--- RECORD SET ---
───
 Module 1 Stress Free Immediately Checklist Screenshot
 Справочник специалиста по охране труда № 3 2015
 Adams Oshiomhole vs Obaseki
───
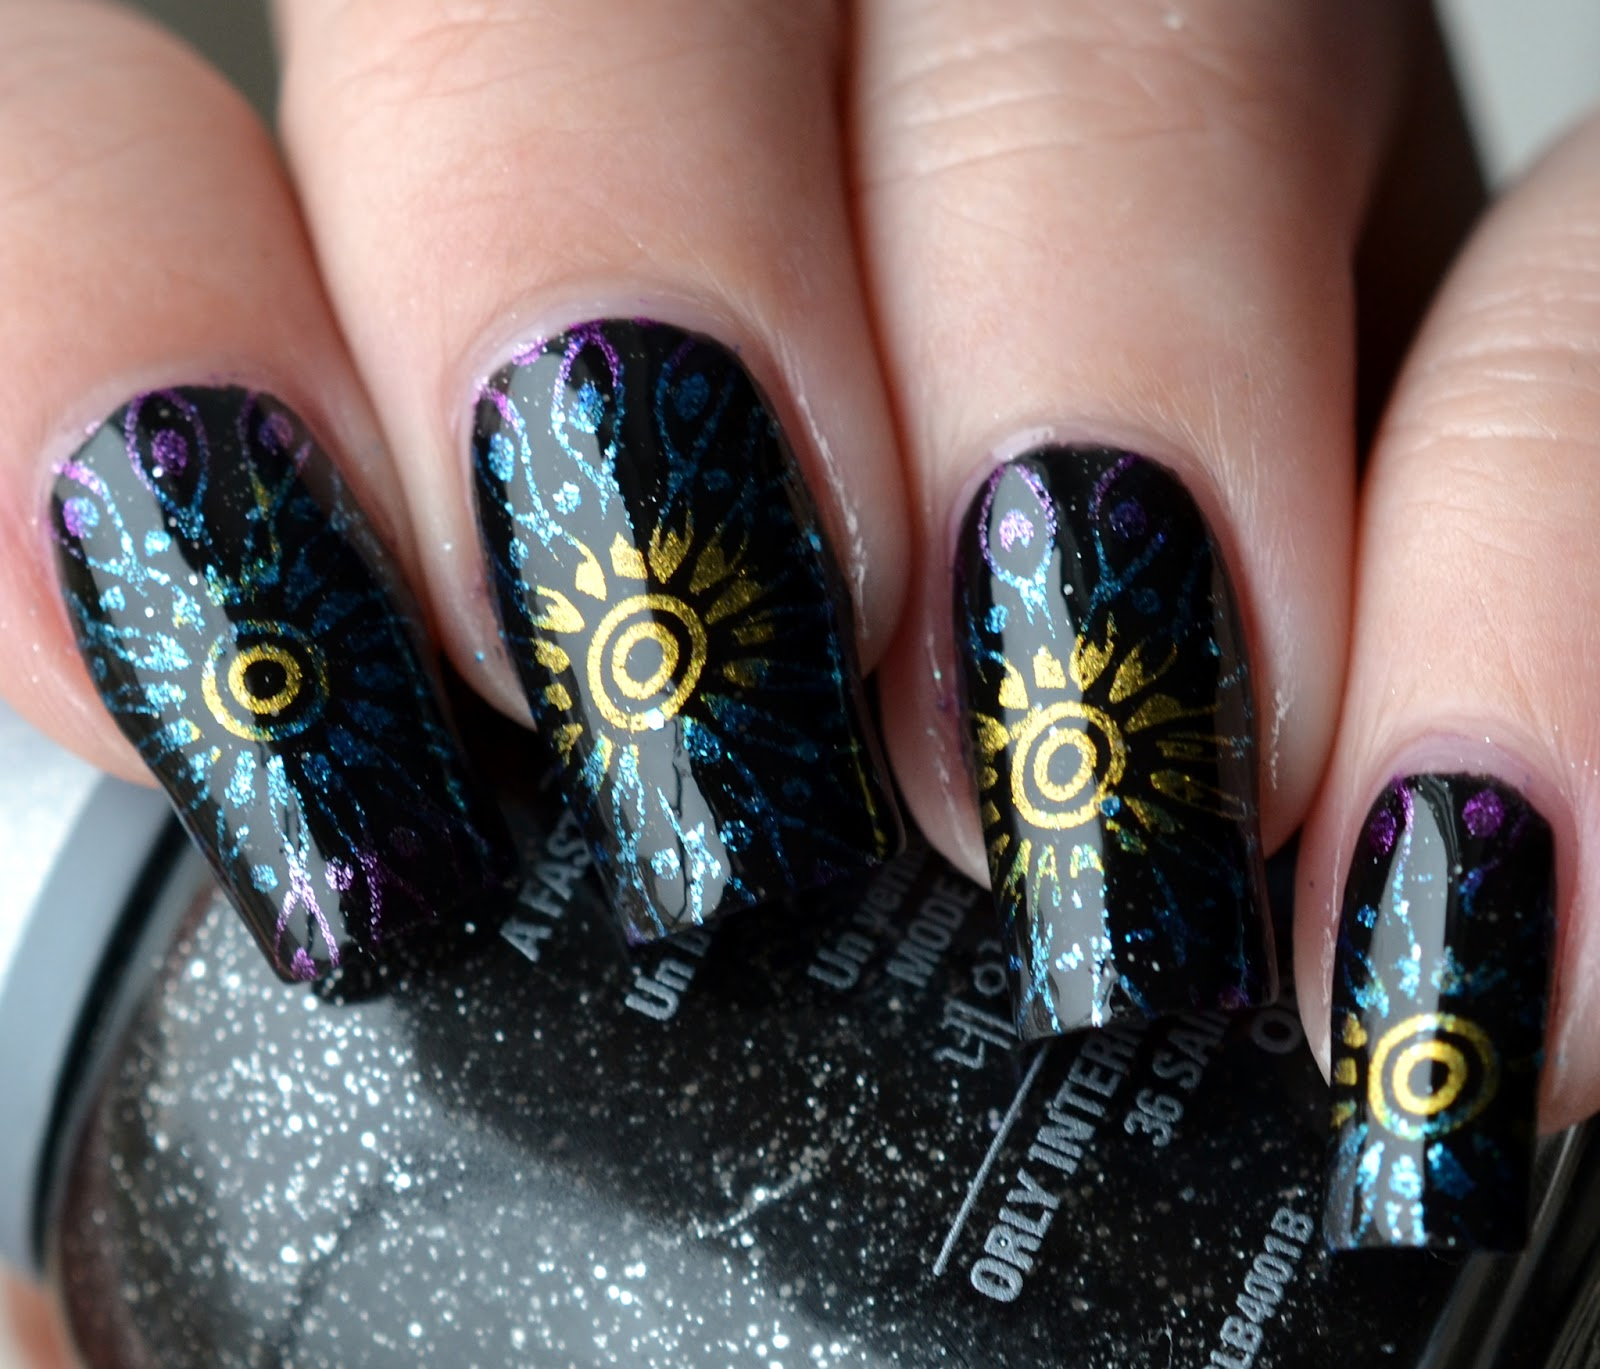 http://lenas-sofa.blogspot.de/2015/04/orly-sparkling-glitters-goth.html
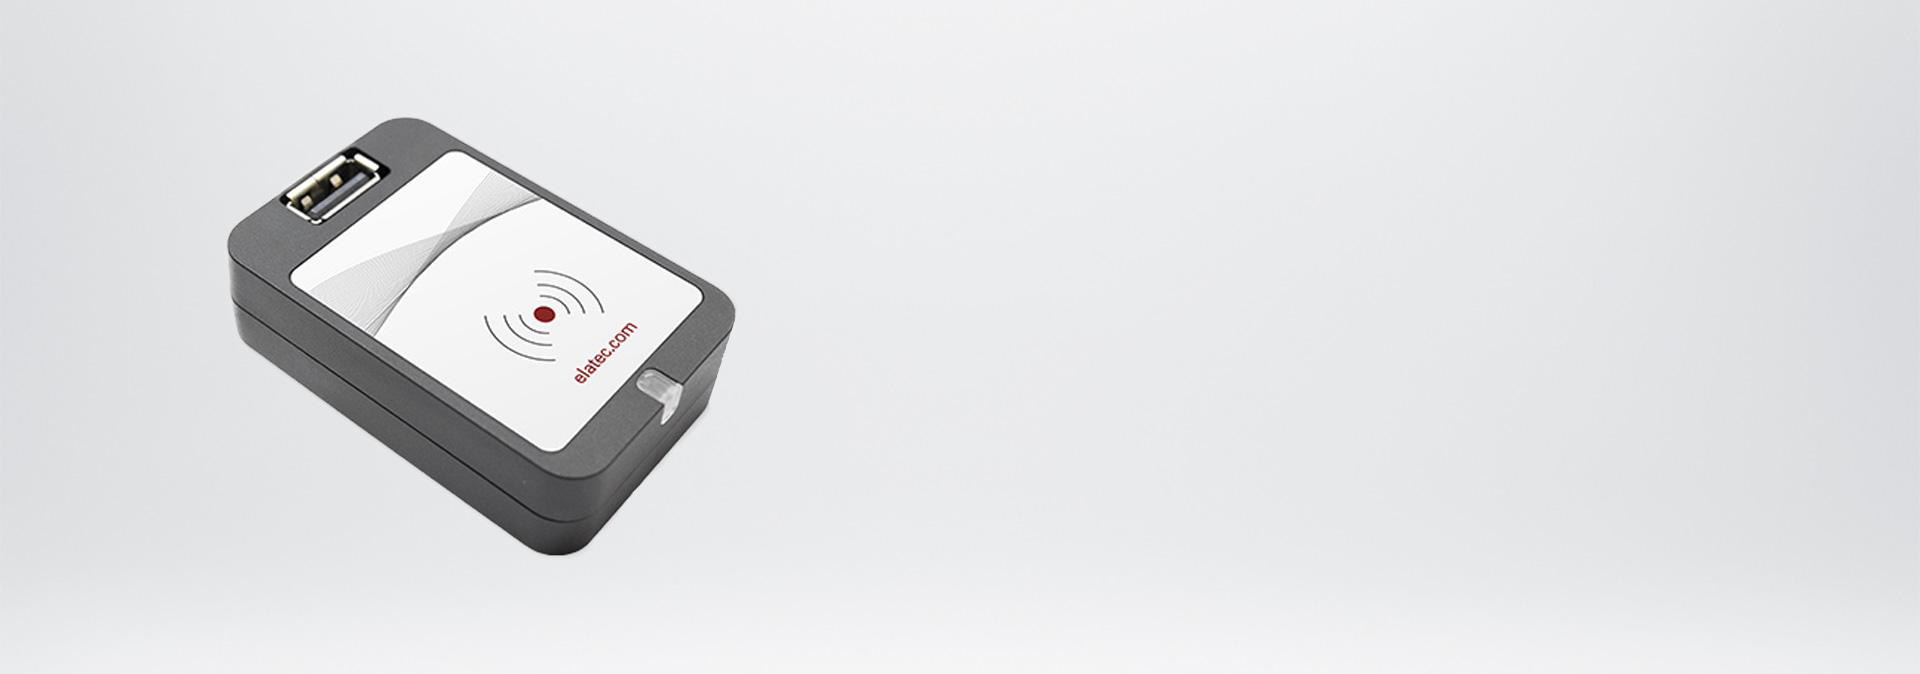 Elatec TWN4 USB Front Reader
───
--- WHAT IS REQUIRED ---
From the entries above, restate word for word the lines from the line containing "Module 1 Stress" to the line containing "Adams Oshiomhole vs Obaseki", both ends included, and nothing more.

--- TASK OUTPUT ---
 Module 1 Stress Free Immediately Checklist Screenshot
 Справочник специалиста по охране труда № 3 2015
 Adams Oshiomhole vs Obaseki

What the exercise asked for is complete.